- Born: 5 December 1921
- Died: 21 February 1985 (aged 63) Deeg, Bharatpur, Rajasthan
- Cause of death: Killed in encounter
- Occupation: Politician
- Title: Member of Legislative Assembly
- Term: 1952 to 1984
- Political party: Independent
- Children: Krishnendra Kaur Deepa (daughter)
- Father: Kishan Singh of Bharatpur

= Raja Man Singh (politician) =

Indian politician

Raja Maan Singh (born 5 December 1921 – died 21 February 1985) was an Indian politician and titular head of Jats princely Bharatpur State.
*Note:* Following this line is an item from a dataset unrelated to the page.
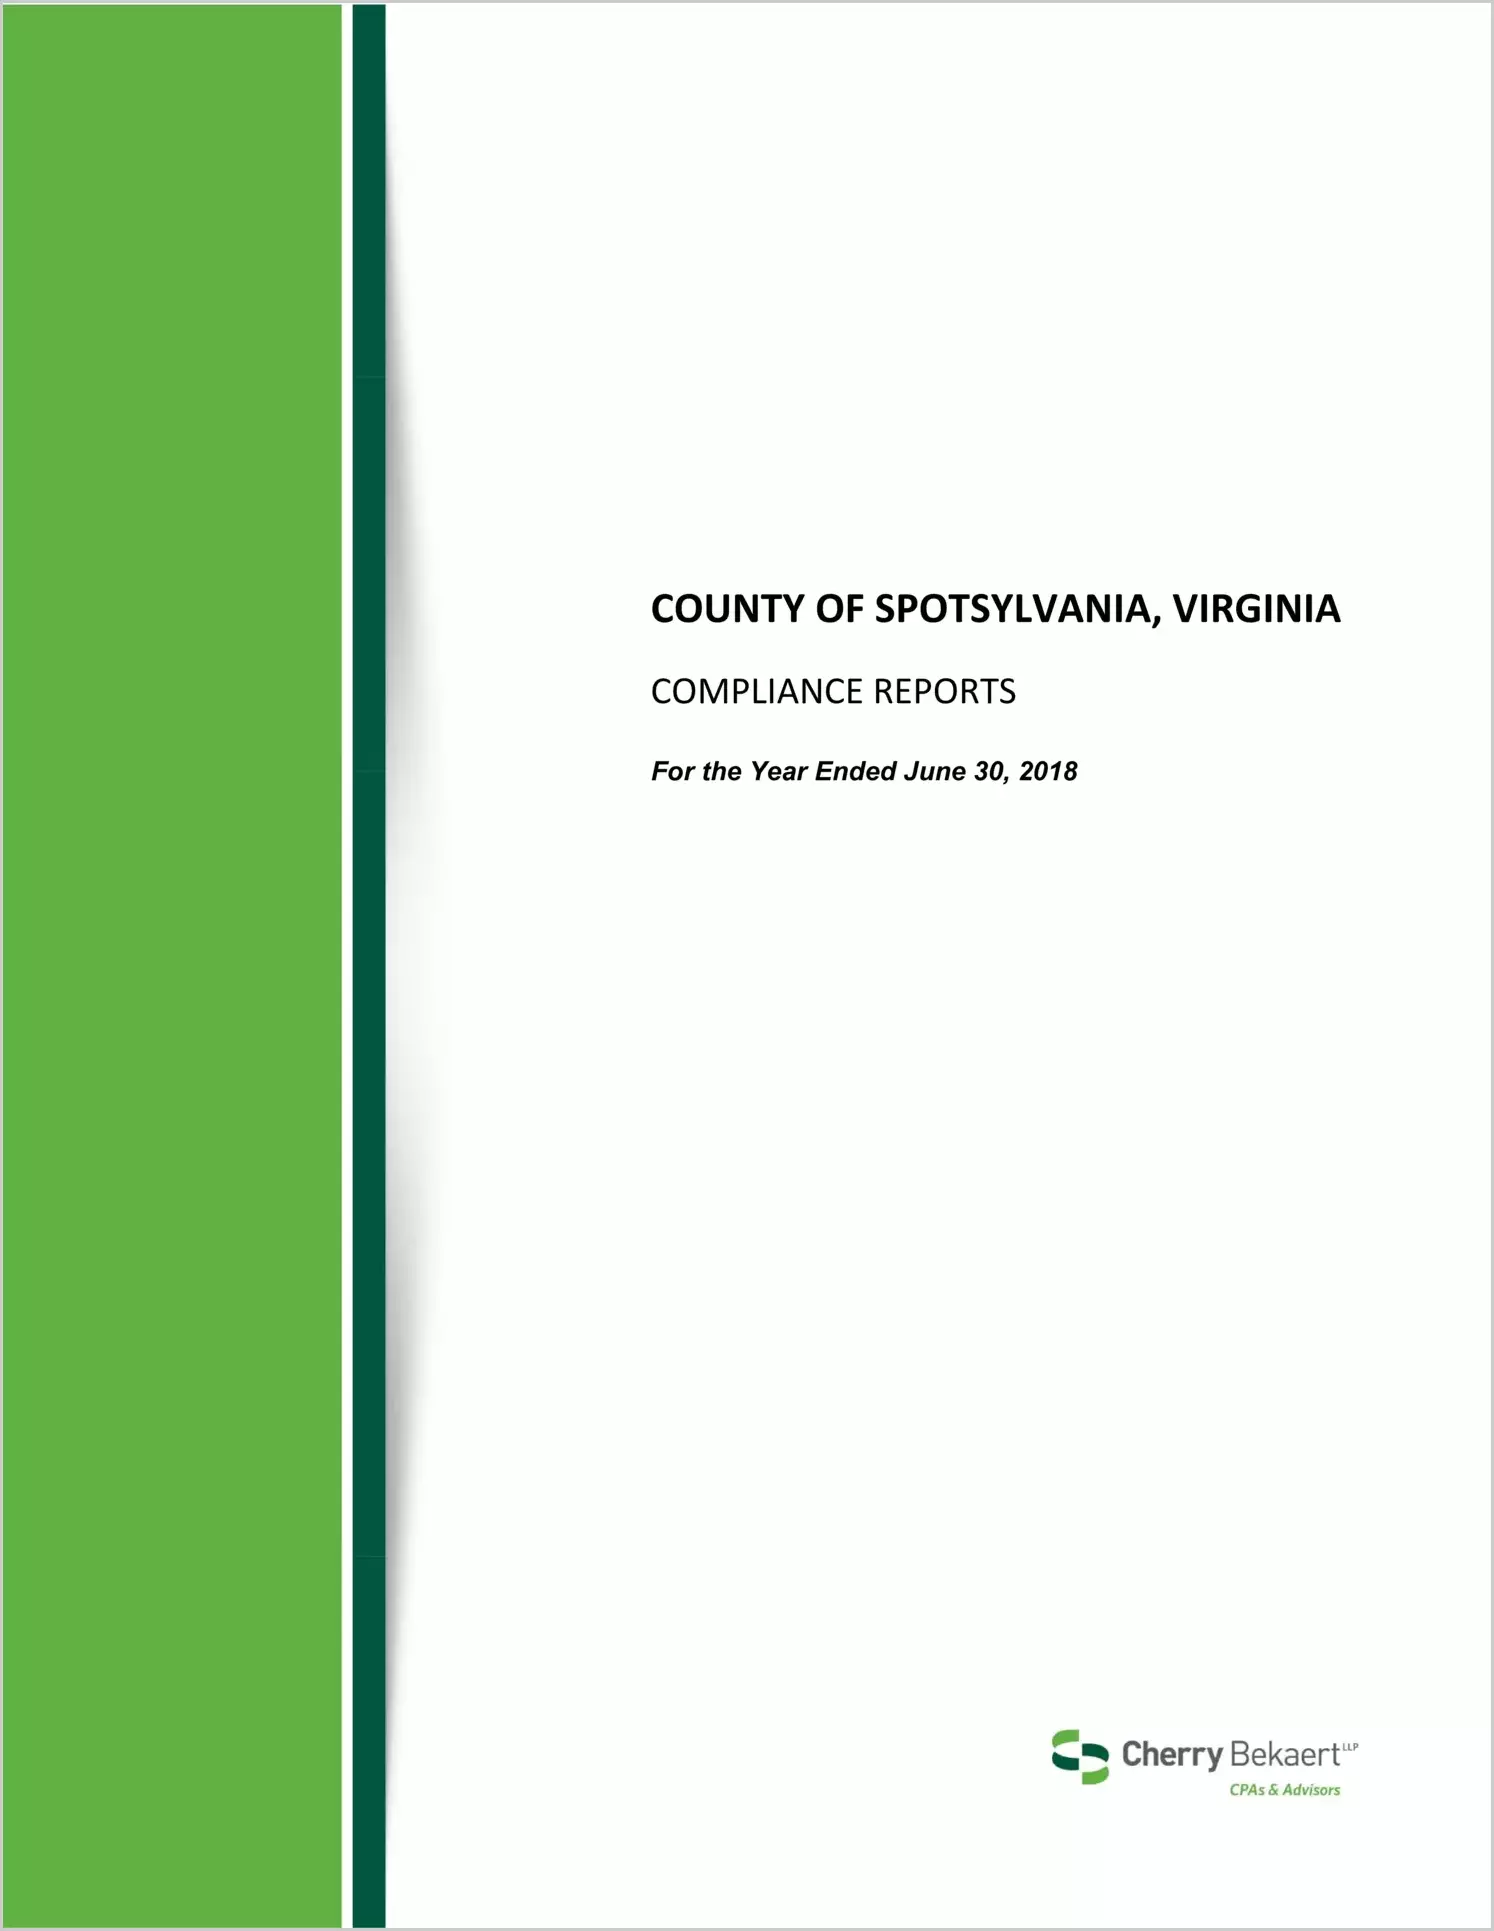 2018 Internal Control and Compliance Report for County of Spotsylvania

He was seven-time Independent Member of Legislative Assembly from Deeg assembly constituency from 1952 to 1984. He was the son of Kishan Singh of Bharatpur.

== Death controversy ==
He was killed along with his two supporters in a fake police encounter in February 1985 after an incident of violence in which Rajasthan's then chief minister Shiv Charan Mathur's helicopter was damaged. His murder case was investigated by the CBI. Singh's murder led to the resignation of CM Shiv Charan Mathur. On 20 July 2020, a special CBI court in Mathura convicted 11 policemen, including former Deputy Superintendent of Police Kan Singh Bhati in Raja Man Singh's murder case.